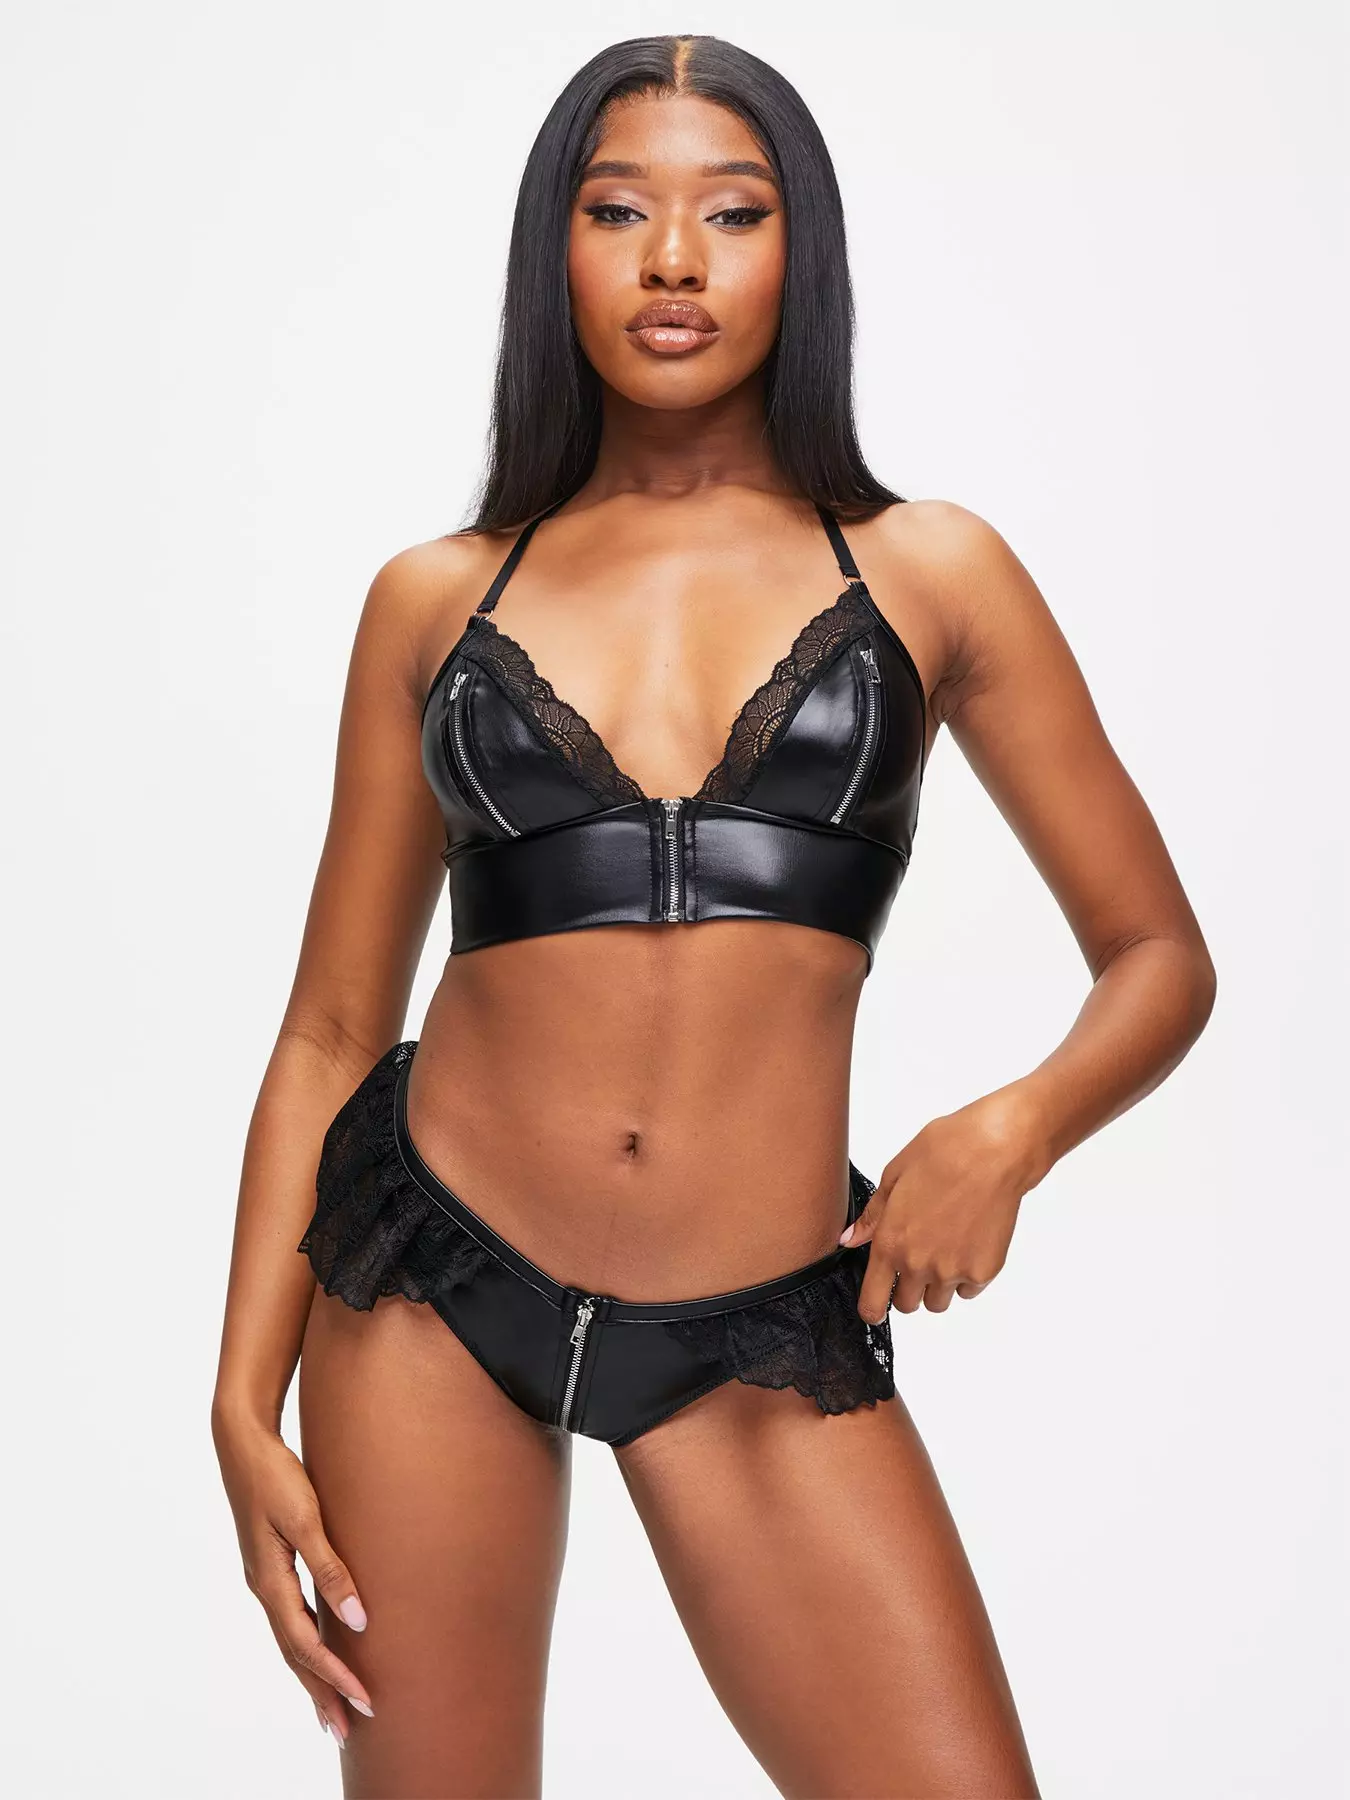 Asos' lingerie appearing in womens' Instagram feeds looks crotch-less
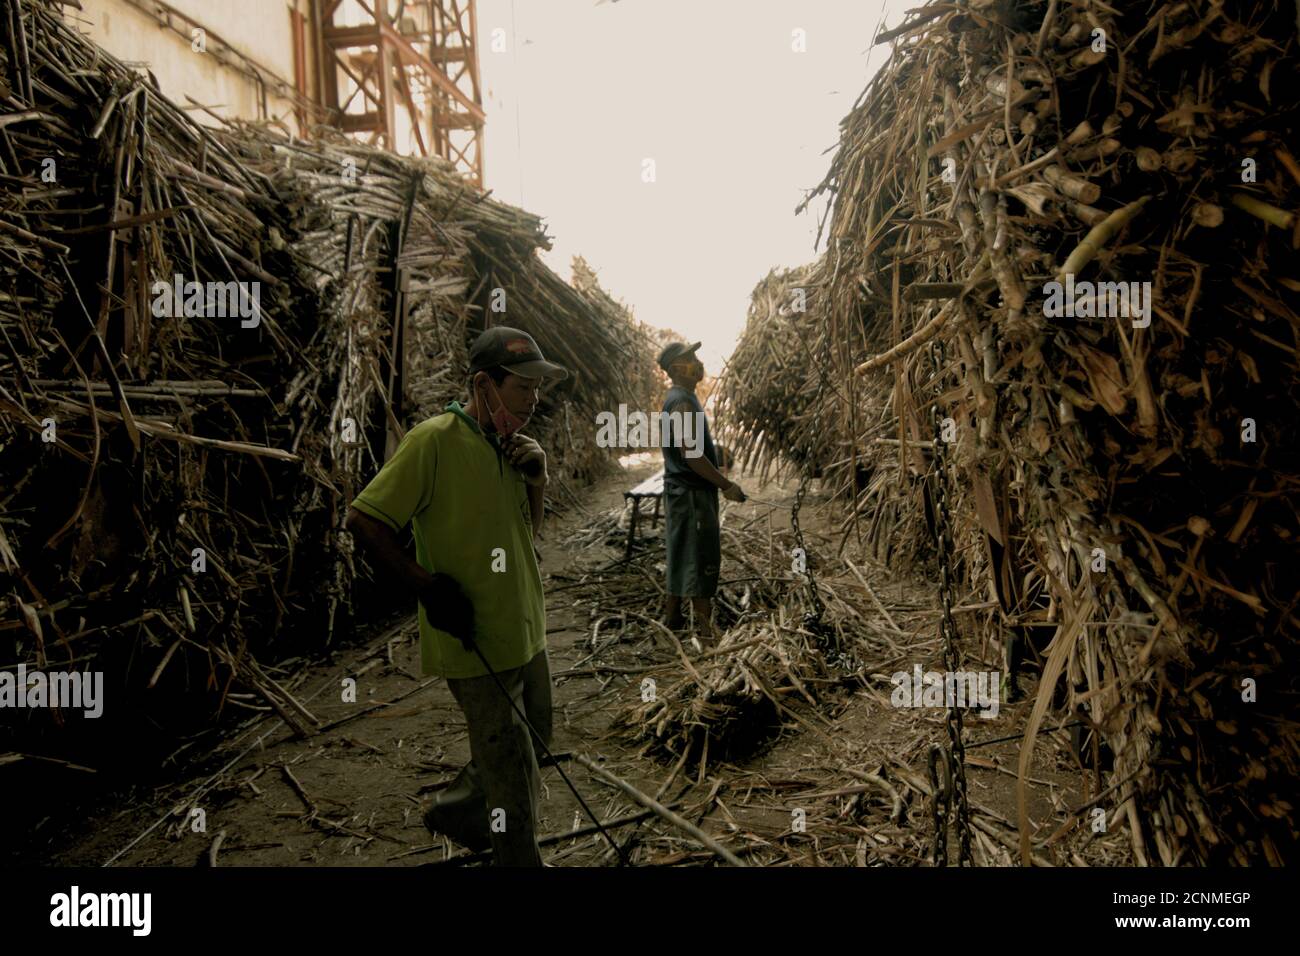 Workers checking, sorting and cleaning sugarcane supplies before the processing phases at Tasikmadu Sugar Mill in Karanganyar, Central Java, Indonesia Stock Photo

::::

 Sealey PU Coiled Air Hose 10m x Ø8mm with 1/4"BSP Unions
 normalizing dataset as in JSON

::::

** What the task requires **
Could you repeat, exactly, only the lines above starting at the one that has "Asos' lingerie appearing" and stopping after the one that has "Workers checking, sorting", without the pictures?

** Solved exercise **
 Asos' lingerie appearing in womens' Instagram feeds looks crotch-less
 Workers checking, sorting and cleaning sugarcane supplies before the processing phases at Tasikmadu Sugar Mill in Karanganyar, Central Java, Indonesia Stock Photo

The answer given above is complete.